Pierre Larochelle serves as Department Head and Professor of Mechanical Engineering at the South Dakota School of Mines & Technology. Previously he served as an Associate Dean and Professor of Mechanical Engineering at the Florida Institute of Technology. His research focuses on the design of complex robotic mechanical systems and enabling creativity and innovation in design. He is the founding director of the RObotics and Computational Kinematics INnovation (ROCKIN) Laboratory, has over 100 publications, holds three US patents, and serves as a consultant on robotics, automation, machine design, creativity & innovation, and computer-aided design. In 2012 at NASA’s request he created a 3-day short course on Creativity & Innovation. This course has been very well received and he has taught it exclusively more than 30 times at NASA’s various centers and laboratories across the nation to more than 600 of NASA scientists and engineers. He currently serves as the Chair of the U.S. Committee on the Theory of Mechanisms & Machine Science and represents the U.S. in the International Federation for the Promotion of Mechanism & Machine Science (IFToMM) (2016-22). He serves as a founding Associate Editor for the ASME Journal of Autonomous Vehicles and Systems (2020-23).
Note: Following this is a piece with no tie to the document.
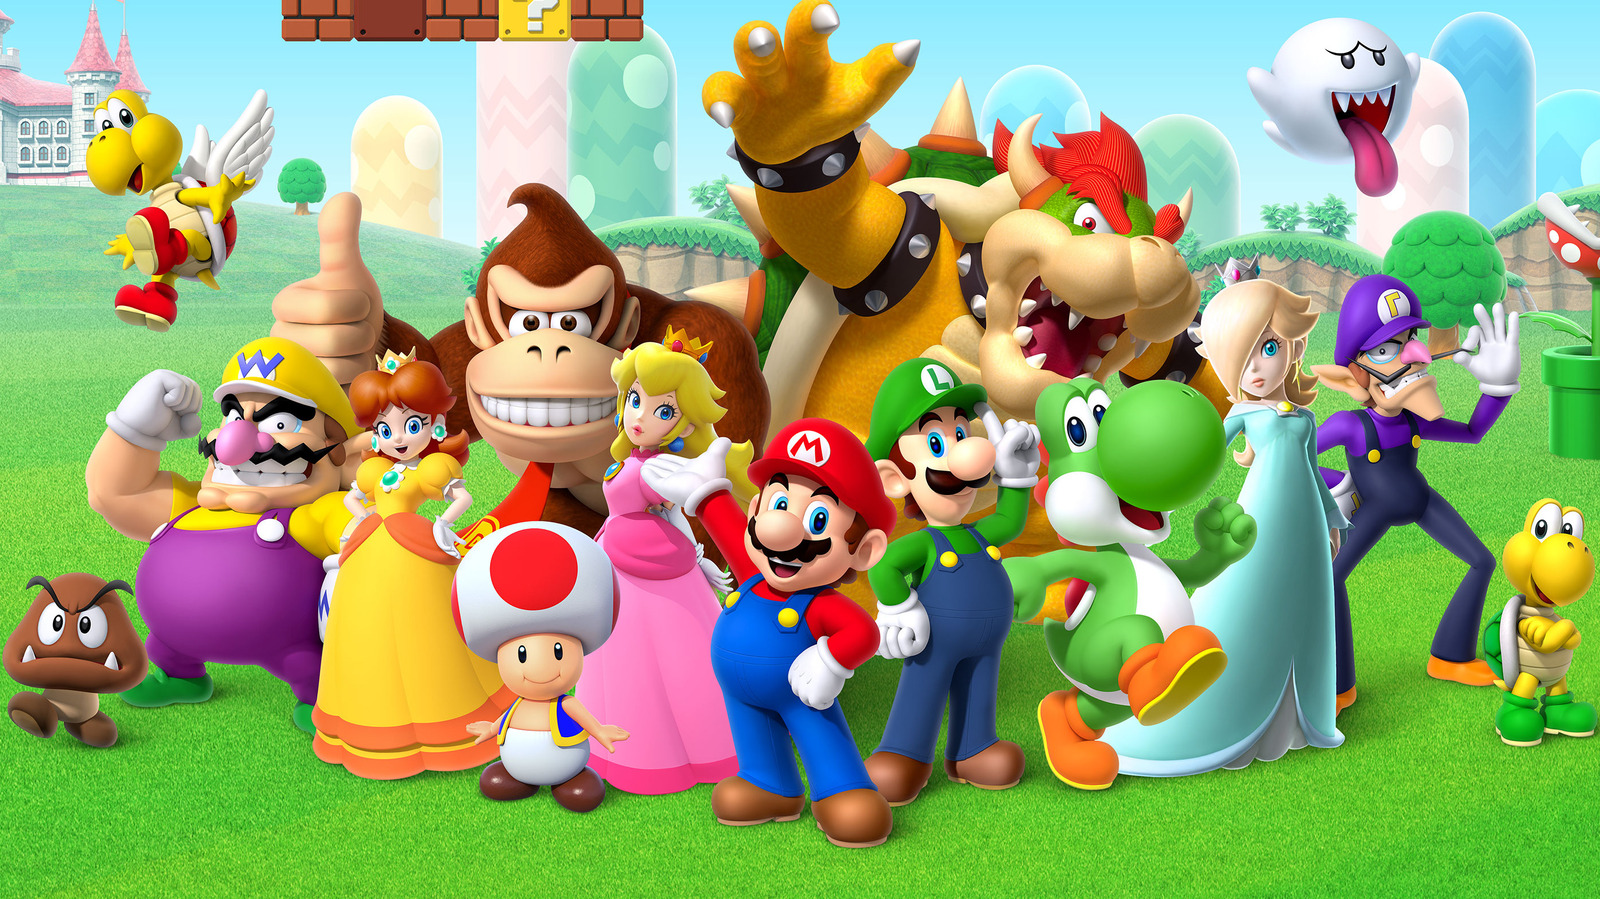 Azijn Extreem voordat Super Mario Bros. Release Date, Cast, And More

Moreover, he serves on the Executive Committee of ABET’s Engineering Accreditation Commission (EAC) and as an ABET Accreditation Visit Team Chair. He has served as Chair of the ASME Design Engineering Division (2018-2019), the ASME Mechanisms & Robotics Committee (2010-2014), and as an Associate Editor for the ASME Journal of Mechanisms & Robotics (2013-19), the ASME Journal of Mechanical Design (2005-11), and for Mechanics Based Design of Structures & Machines (2006-13). He is a Fellow of the American Society of Mechanical Engineers (ASME), a Senior Member of IEEE, and a member of Tau Beta Pi, Pi Tau Sigma, ASEE, and the Order of the Engineer.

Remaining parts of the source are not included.